# betta in pitch black darkness..



## takethesewingsandfly (Dec 8, 2007)

So i have noticed that when i turn off the light so that the tank is in pitch black darkness, and i turn it back on after a while... My betta's pupils have shrunk A LOT and it seems like he cant really see anything for a while after i turn on the light, like he runs into things and stuff. Im talking like 10 mintues ( maybe more ). And just now that happened, and he was kinda floating at the top of the tank, and when i turned on the light he just started sinking down to the bottom and like just sat on the rocks and he kinda looked like he was dead, he wouldnt move after i tapped on the tank really loudly for a few seconds. It was freaking me out. But now he is fine. Does anyone else's betta do this??


----------



## Falina (Feb 25, 2007)

Always put the room light on and leave it for a minute or 2 before putting the tank light on to allow him to adjust.


----------



## beetlebz (Aug 2, 2007)

yeah, what julie said. The poor bugger is prolly freaking out too.. LIGHT!!!.... dark......... LIGHT!!!! dark.... hehe thats good advice she gave about the room lights.


----------



## MattD (Apr 25, 2007)

Don't tap on the glass.

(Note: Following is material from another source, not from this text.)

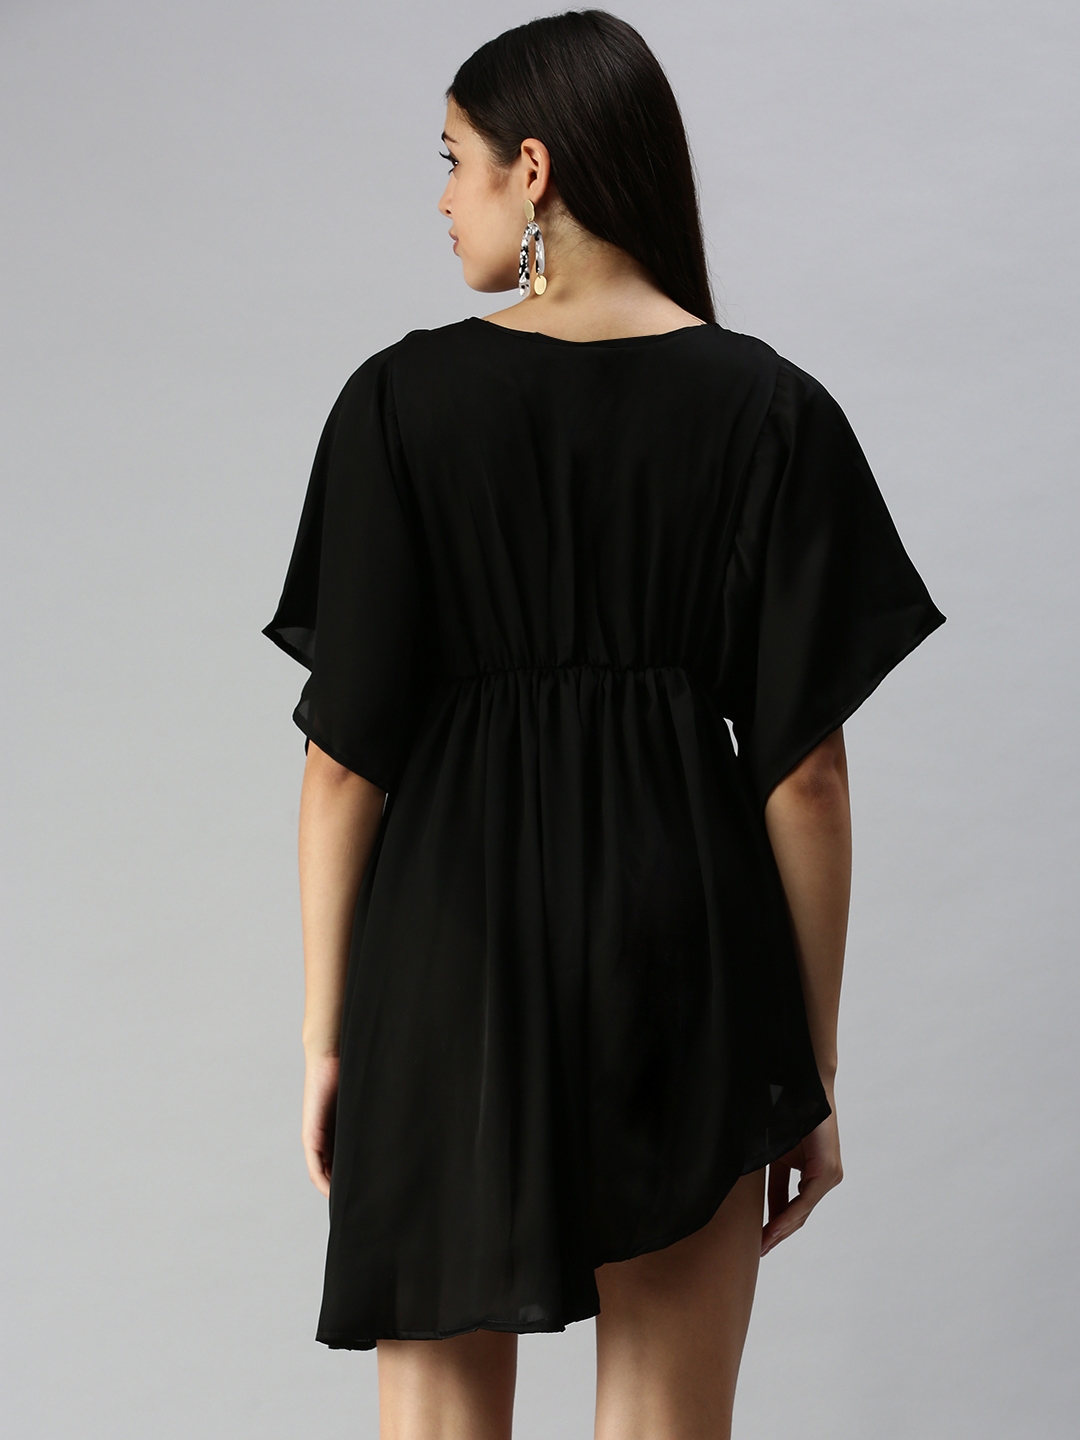 SHOWOFF Women's Black V-Neck Solid A-Line Dress

This doesn't help the fish in any way, and they don't understand that you're trying to get their attention. 

It stresses them out when they're already in a state of duress.


----------



## Sushi (Dec 31, 2007)

hm. It sounds prety normal. If you think about people get confused and move slowly like when it is a hot summer day and you go inside into a dark room right after it makes you trip out.


----------